# Work required:
Print out the data below in full and exactly, skipping the pictures.

# Material provided:
==========
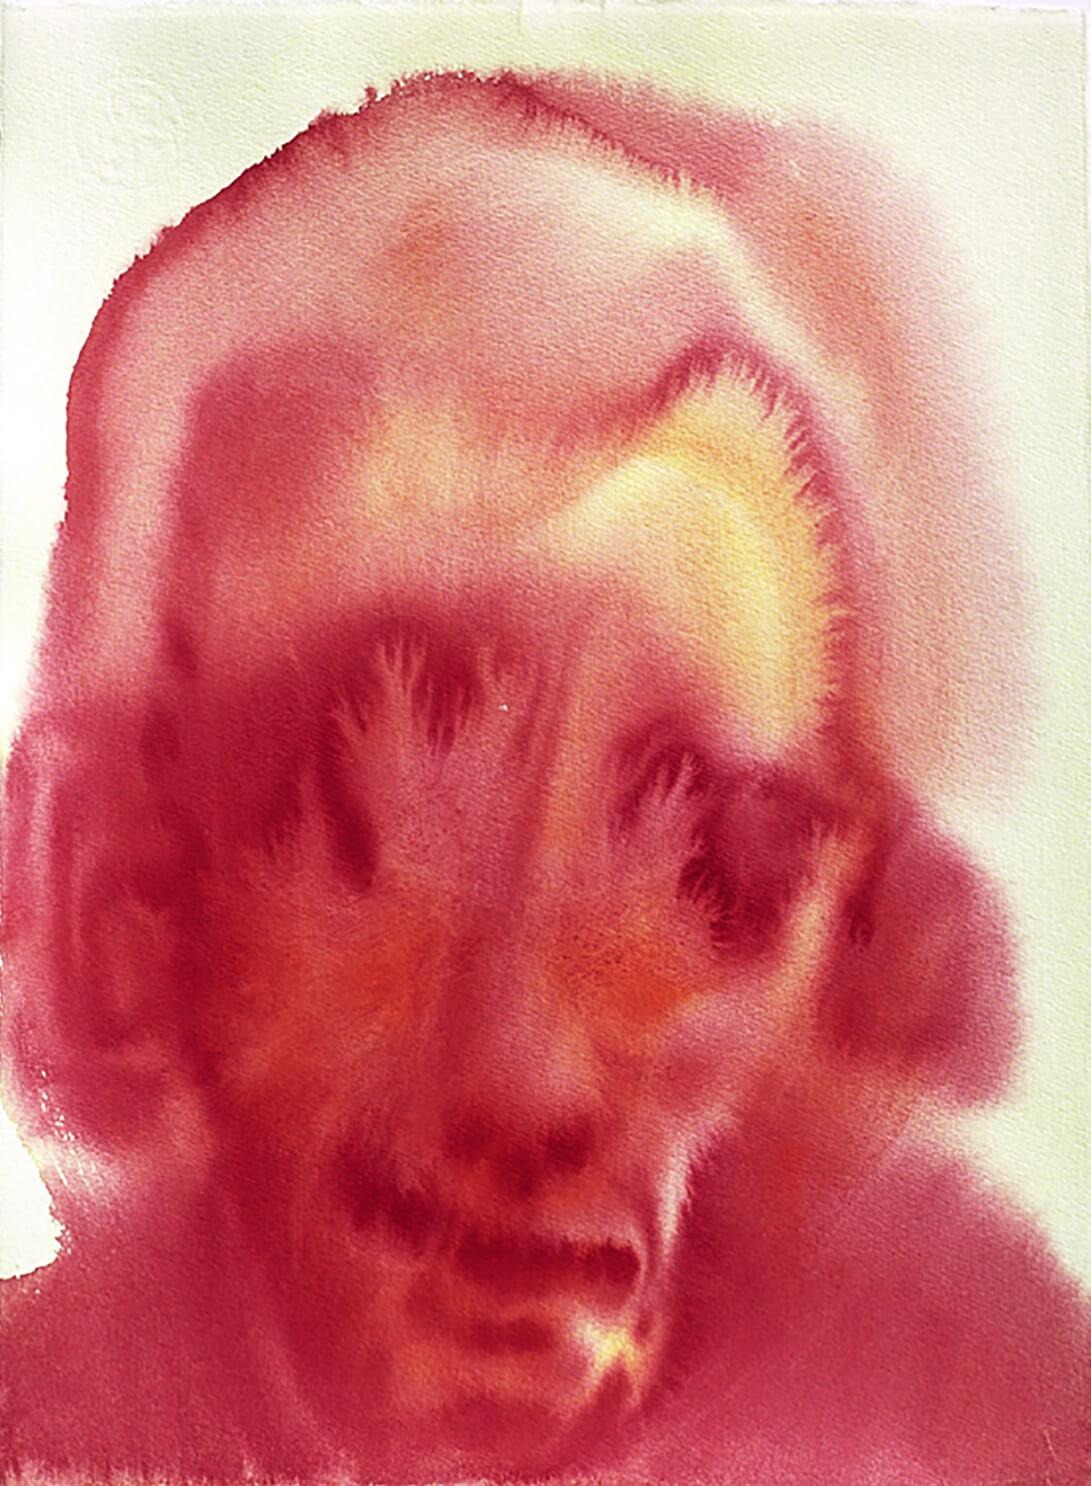 untitled (eye crystals), 39 x 28 cm, watercolour, 2005
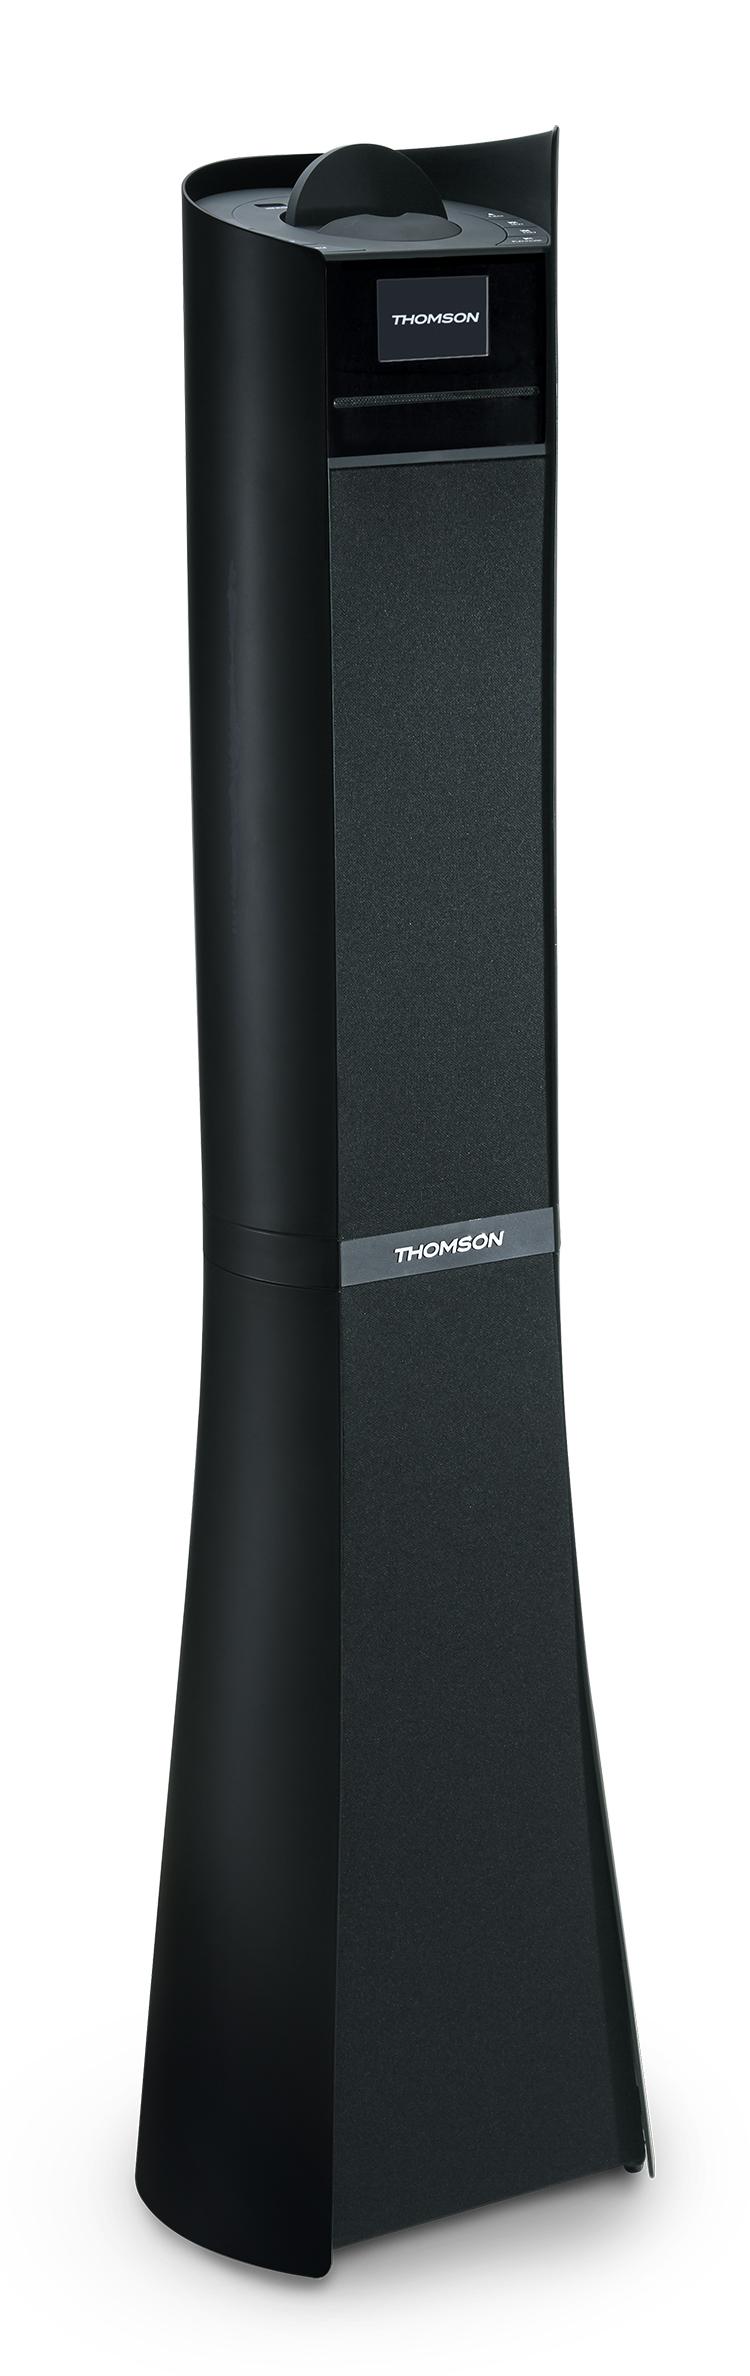 2.1CH Multimedia tower DS500BLACK THOMSON - Immagine
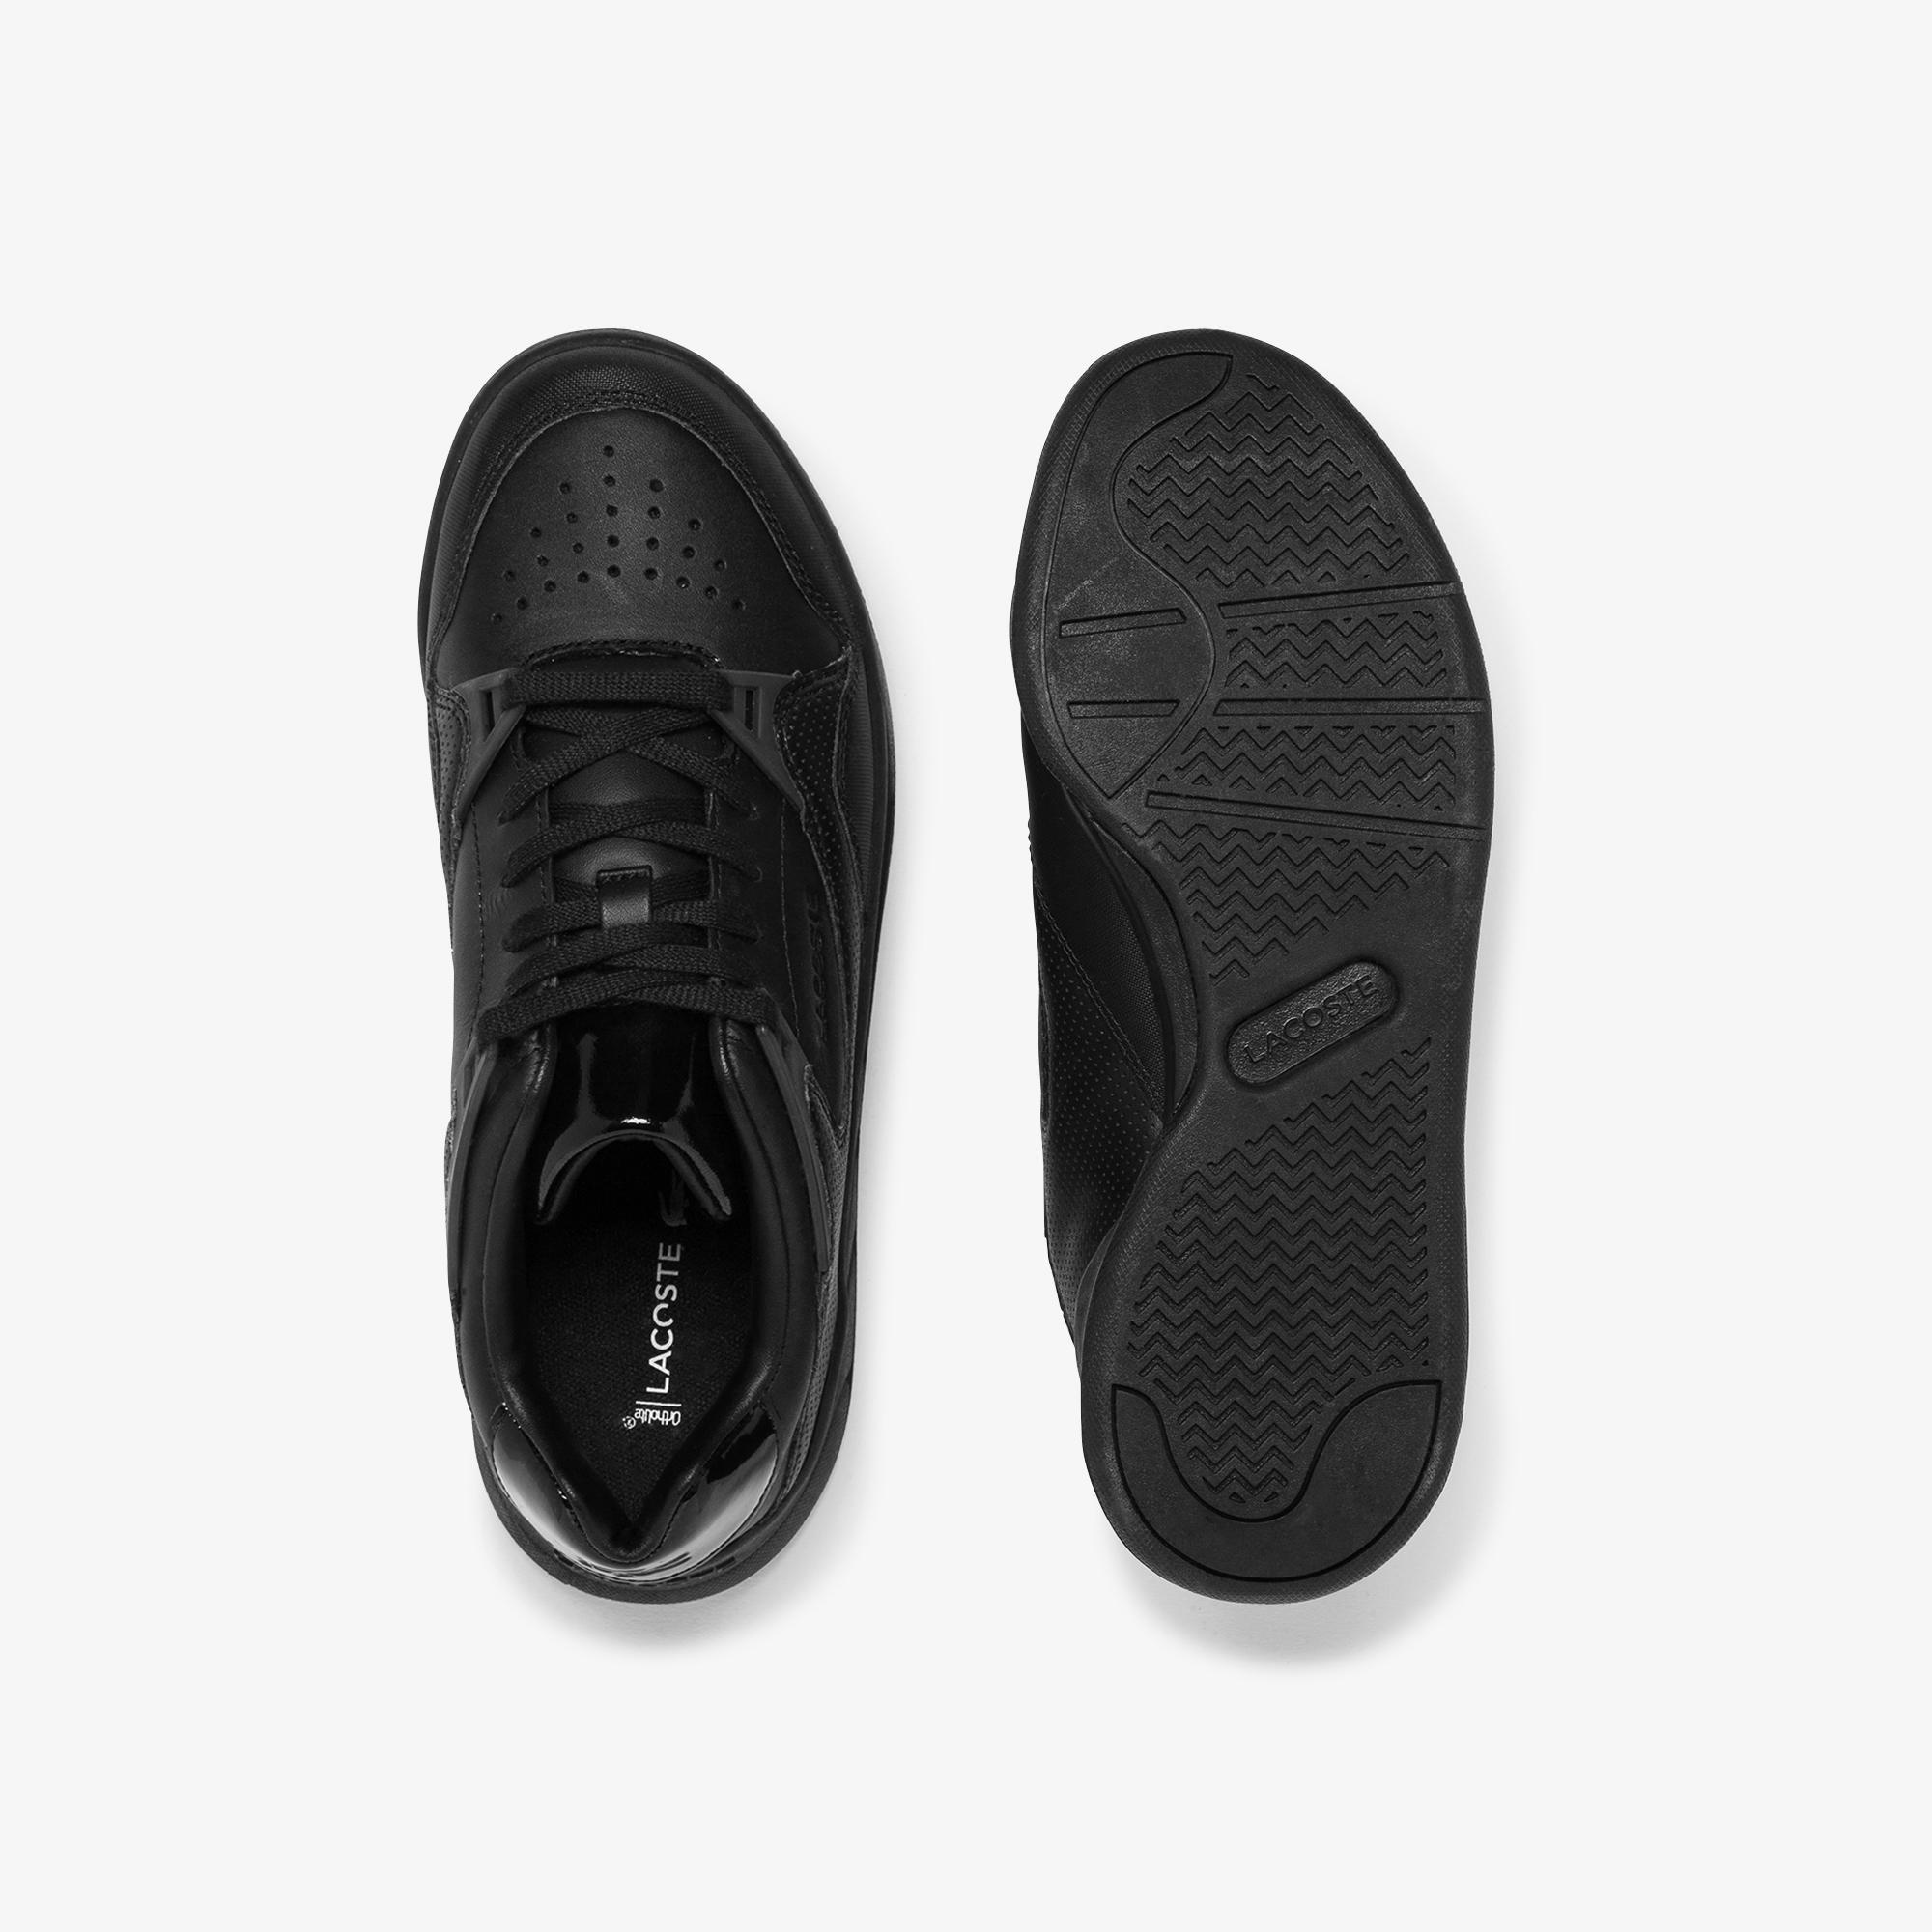 Lacoste Women's Court Slam Tonal Leather Sneakers
==========
# Task result:
 untitled (eye crystals), 39 x 28 cm, watercolour, 2005
 2.1CH Multimedia tower DS500BLACK THOMSON - Immagine
 Lacoste Women's Court Slam Tonal Leather Sneakers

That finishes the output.